> [Task instructions]
Could the data below be copied exactly, minus the pictures?

> [Raw data]
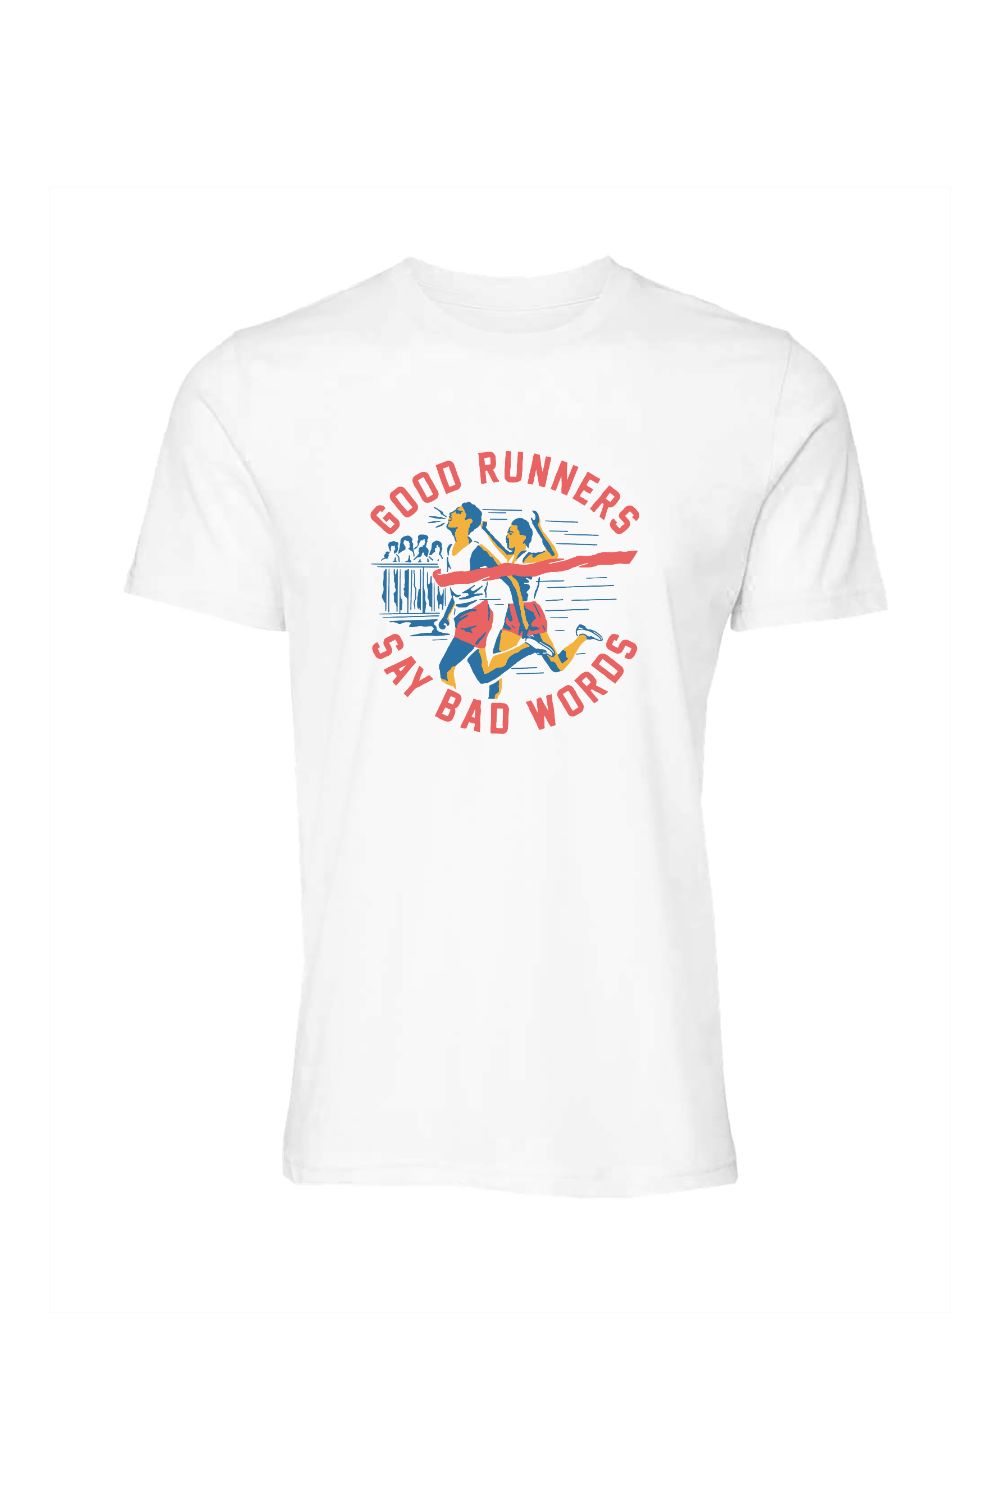 Good Runners T-Shirt
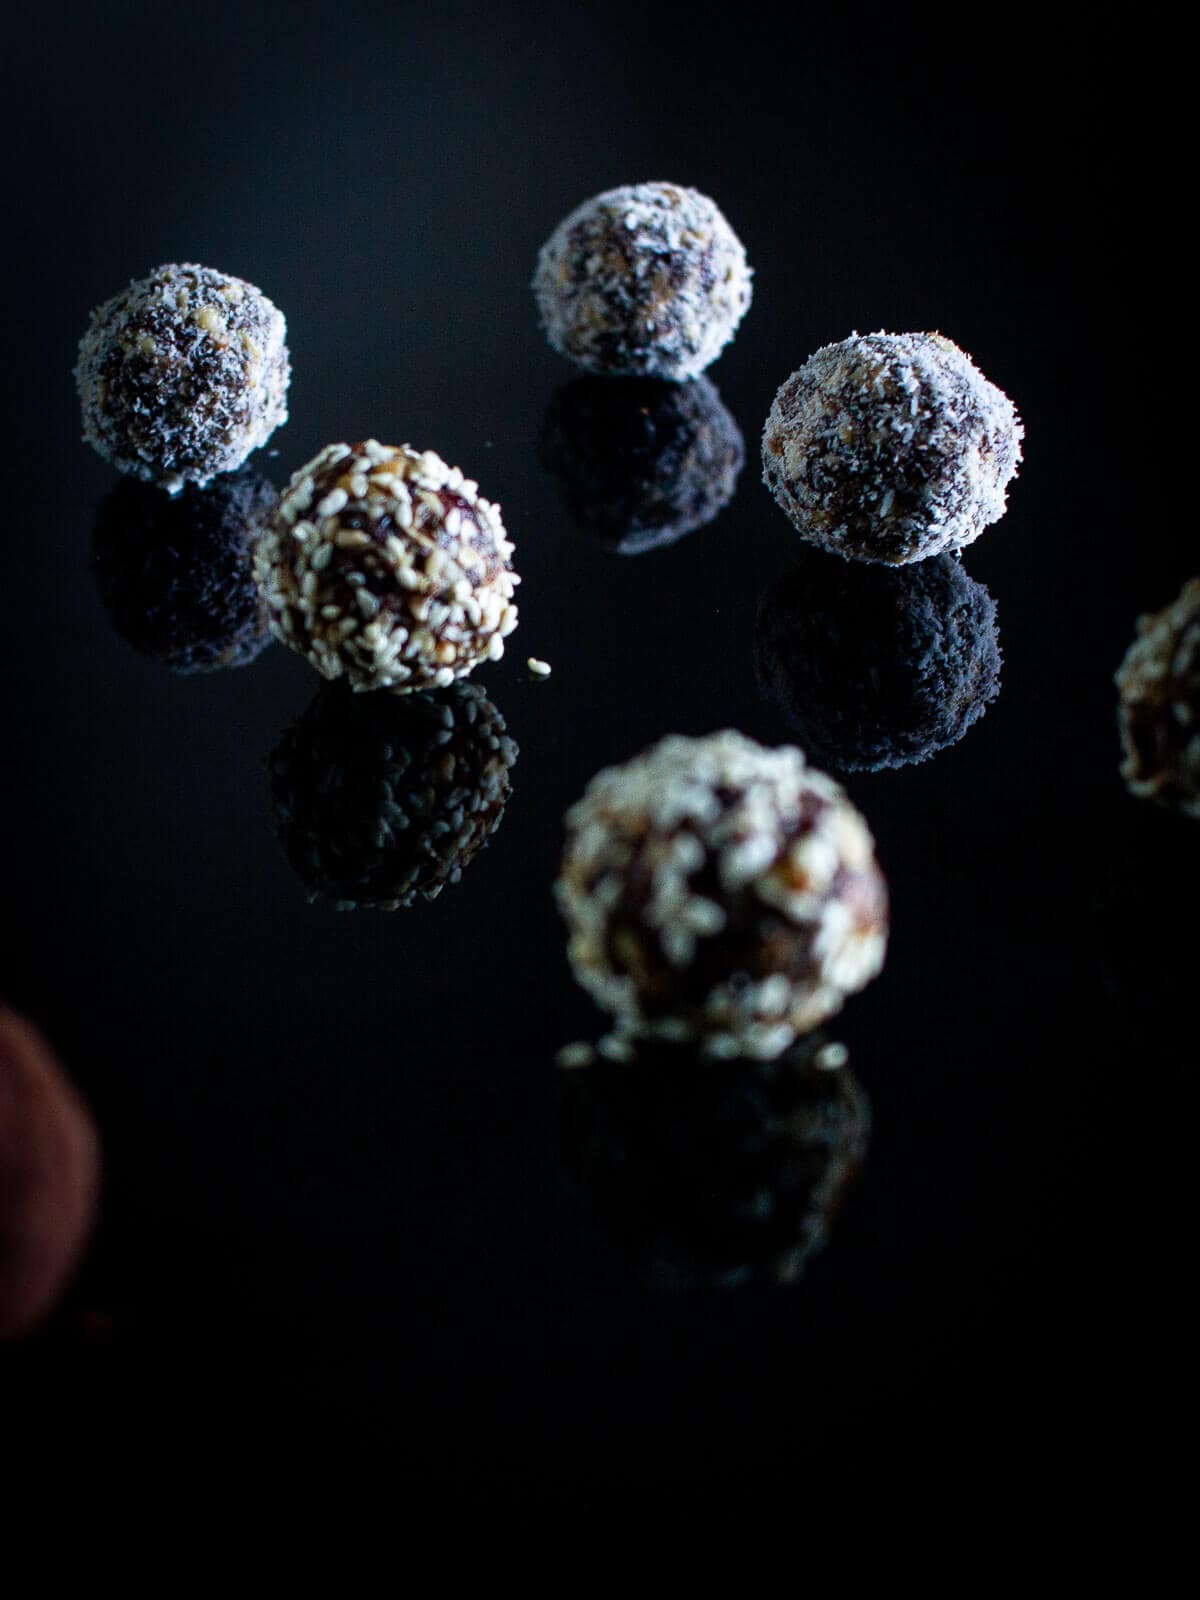 power balls covered in shredded coconut
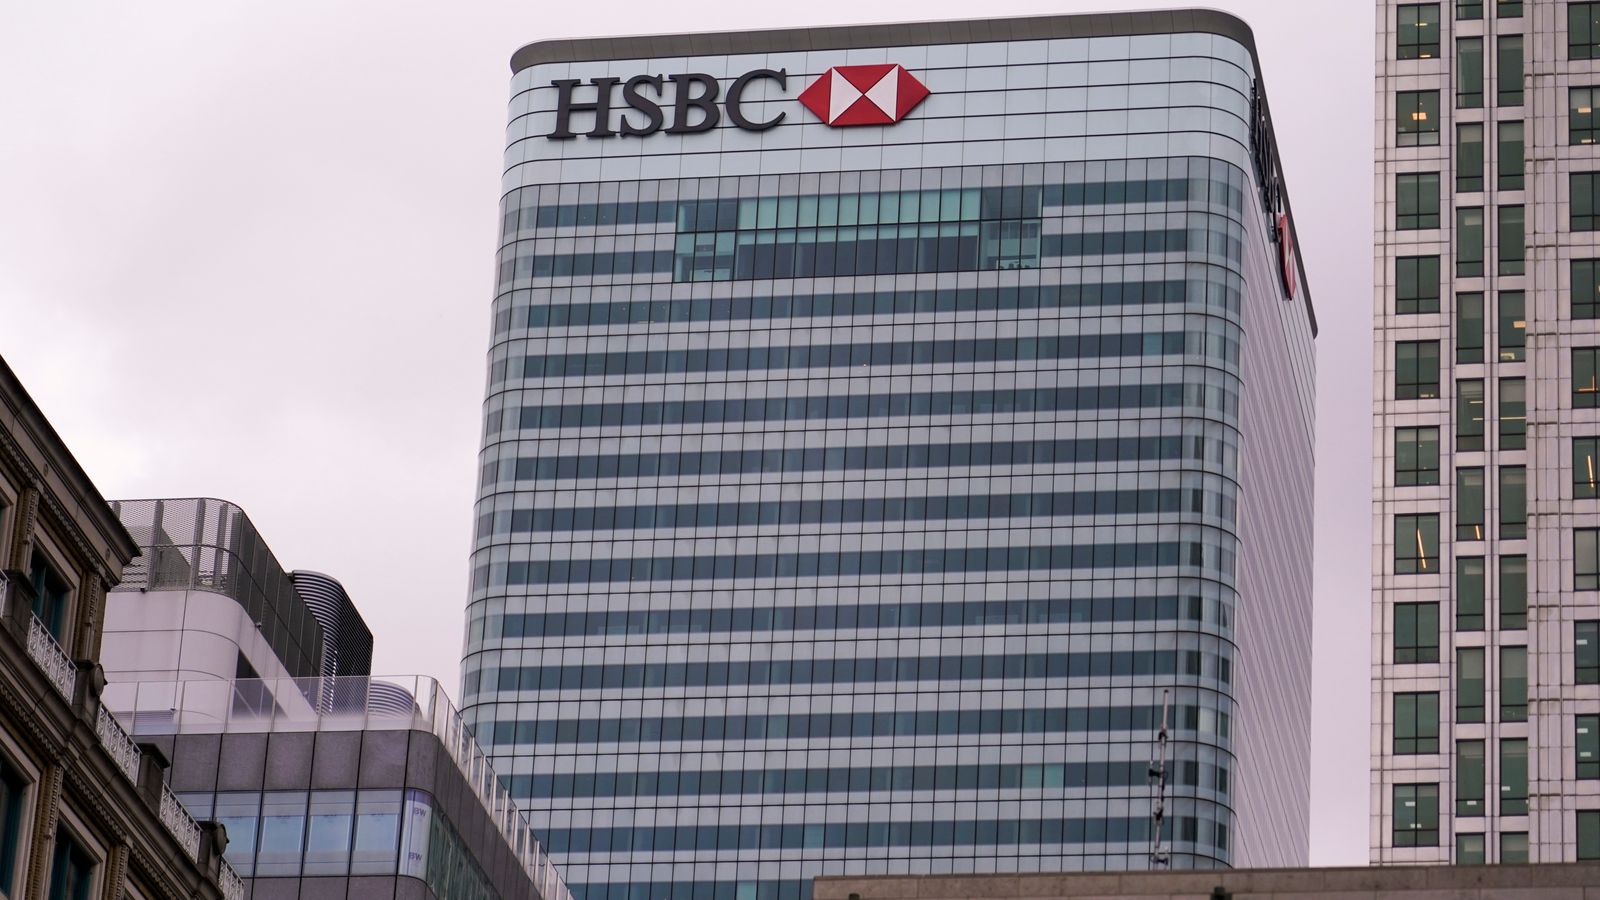 Le patron de HSBC, Quinn, démissionnera après cinq années « intenses » alors que les bénéfices diminuent |  Actualité économique

> [The completed task]
 Good Runners T-Shirt
 power balls covered in shredded coconut
 Le patron de HSBC, Quinn, démissionnera après cinq années « intenses » alors que les bénéfices diminuent |  Actualité économique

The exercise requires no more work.